また、前記課題を解決するために、本発明の他の態様に係る半導体装置の製造方法は、半導体製造工程に、本発明に係る荷電ビーム描画装置を用いて半導体基板にパターンを形成する工程を含むことを特徴とするものである。
本発明に係る荷電ビーム描画装置においては、複数個のコラムを一体化させて製造することができるとともに各コラム間の組み立て精度が向上されている。
また、本発明に係る半導体装置の製造方法によれば、精度が向上されたパターンが形成された半導体基板を用いることができる。
以下、本発明に係る一実施形態を図1および図2を参照しつつ説明する。図1は、本実施形態に係る荷電ビーム描画装置が備える鏡筒の構成を概略的に示す断面図である。図2は、図1に示す荷電ビーム描画装置が備えるアパーチャーステージの付近をその上方から臨んで示す平面図である。

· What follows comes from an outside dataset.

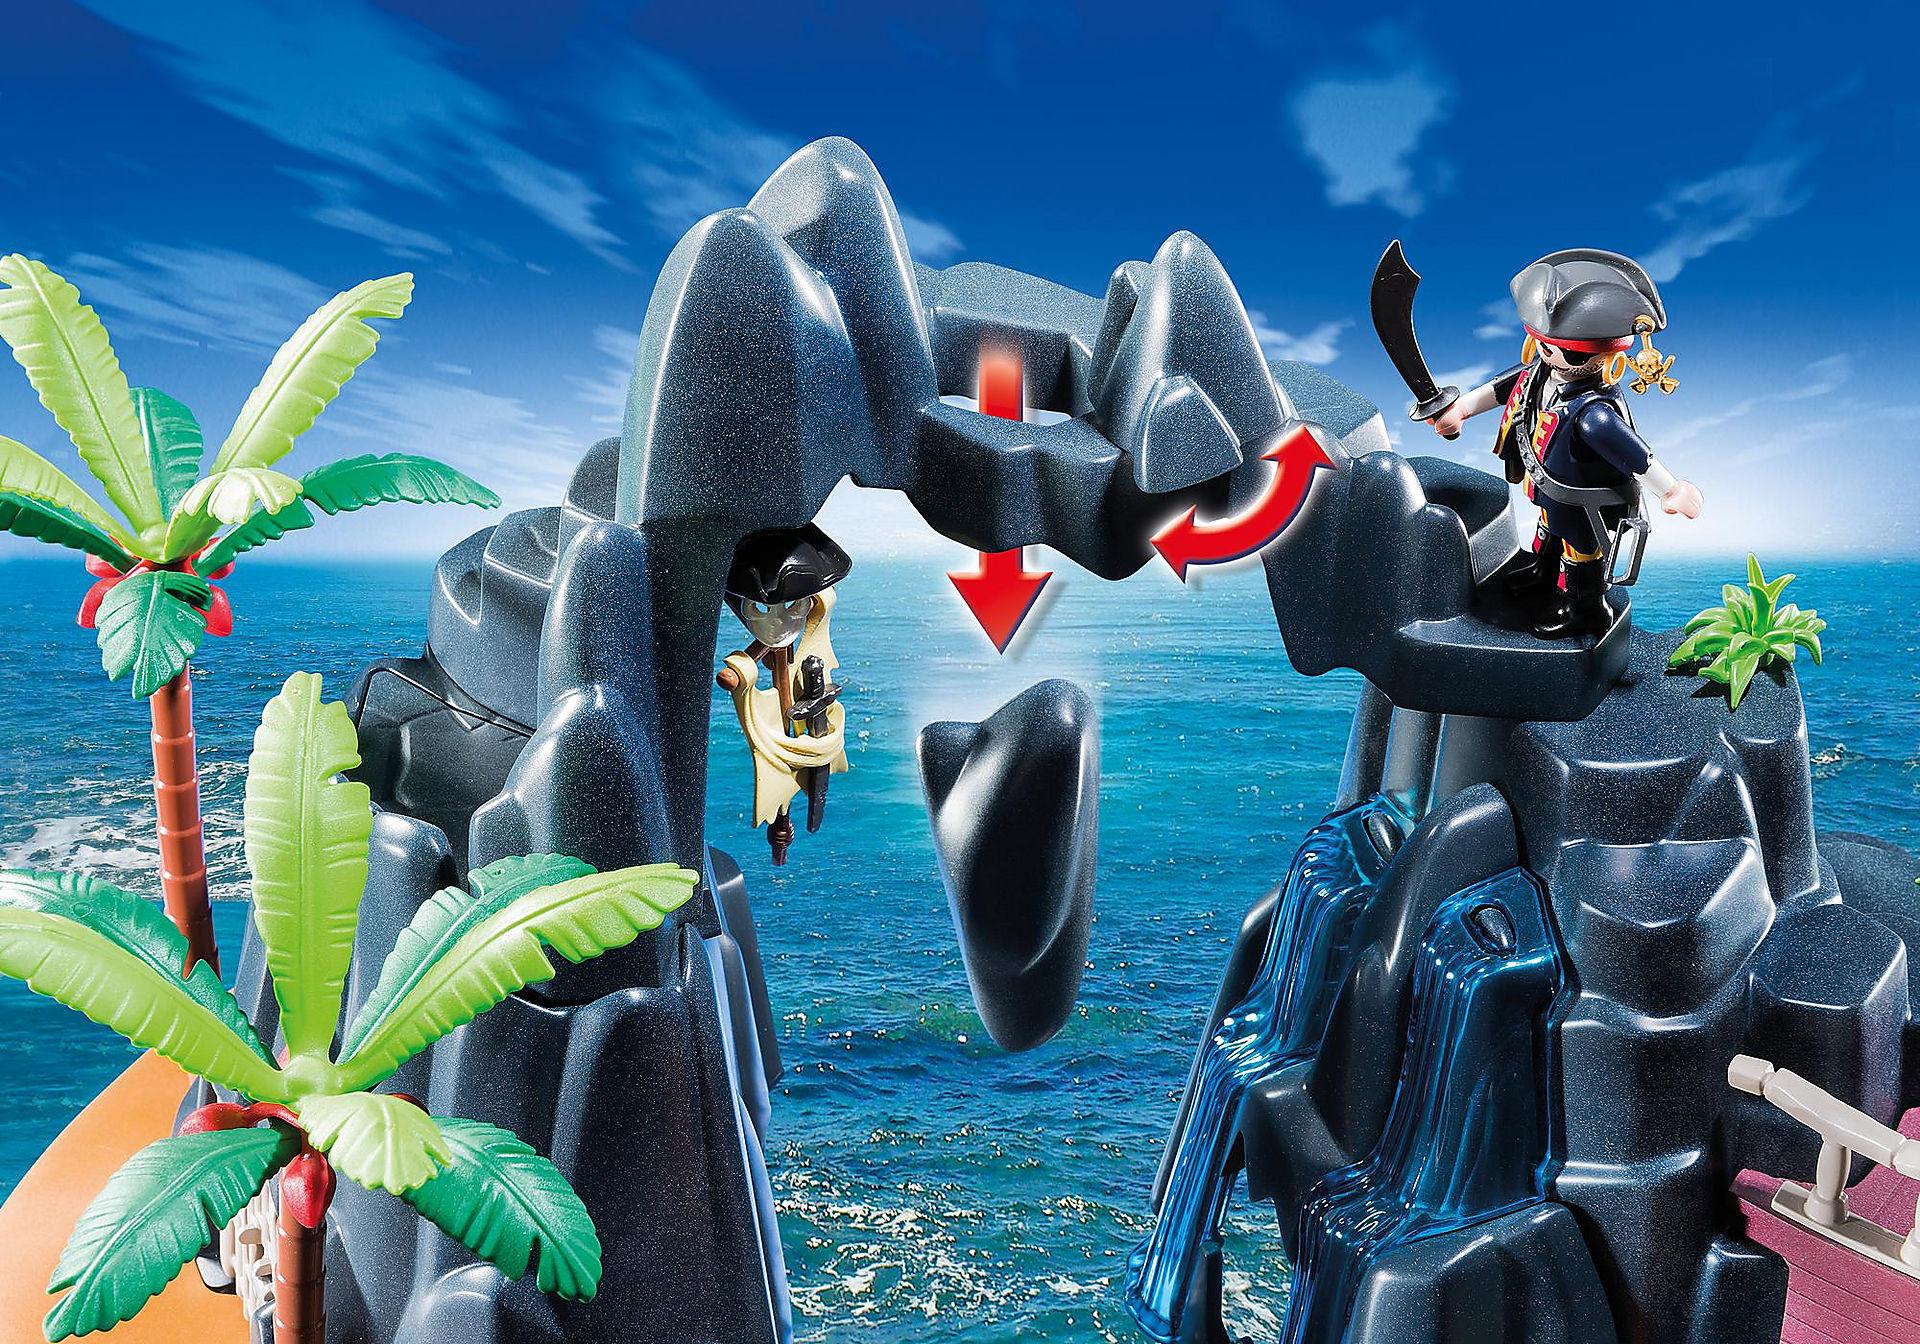 http://media.playmobil.com/i/playmobil/6679_product_extra5/Πειρατικό νησί θησαυρού

本実施形態は、半導体集積回路をはじめとする素子の微細パターンを、荷電ビームを用いて半導体ウェーハやパターン転写用マスク等の基板上に描画して形成する荷電ビーム描画装置に関する。また、荷電ビーム描画装置を用いる半導体装置の製造方法に関する。より具体的には、荷電ビームとして電子ビームを用いる電子ビーム描画装置であって、特に静電型の鏡筒(コラム)や静電型の偏向器などで構成されているとともに低加速の電子ビームを用いる電子ビーム描画装置のコラムの構成に関する。また、この低加速電子ビーム描画装置を用いる半導体装置の製造方法に関する。以下、詳しく説明する。
先ず、図1を参照しつつ、本実施形態に係る荷電ビーム描画装置1について説明する。
図1に示すように、荷電ビーム描画装置1は、その筐体2が真空容器(真空チャンバー)として構成されている。真空チャンバー2の内部の上部から中間部にかけて、後述する荷電ビーム発生装置3、コンデンサーレンズ4、投影レンズ5、アパーチャー6、アパーチャー支持具7、ビーム成形用偏向器8、対物レンズ9、対物偏向器10、アライナー11、および鏡筒12などが収納されている。また、真空チャンバー2の内部の下部には、後述する被描画体13および被描画体支持具14などが収納されている。より具体的には、真空チャンバー2の内部の上端部には荷電ビーム発生装置3が設けられている。それとともに、真空チャンバー2の内部の下端部には被描画体支持具14が設けられている。そして、荷電ビーム発生装置3から被描画体支持具14までの間に、コンデンサーレンズ4、投影レンズ5、アパーチャー6、アパーチャー支持具7、ビーム成形用偏向器8、対物レンズ9、対物偏向器10、アライナー11、鏡筒12、および被描画体13が設けられている。
荷電ビーム発生装置3は、図1中白抜き矢印で示すように、被描画体13の表面に向けて荷電ビーム15を発生させる。本実施形態においては、荷電ビーム15として低加速の電子ビームを被描画体13の表面に向けて照射する。したがって、荷電ビーム発生装置3は、電子ビーム発生装置、あるいは電子銃とも称される。また、被描画体13としては、半導体基板(半導体ウェーハ)を用いる。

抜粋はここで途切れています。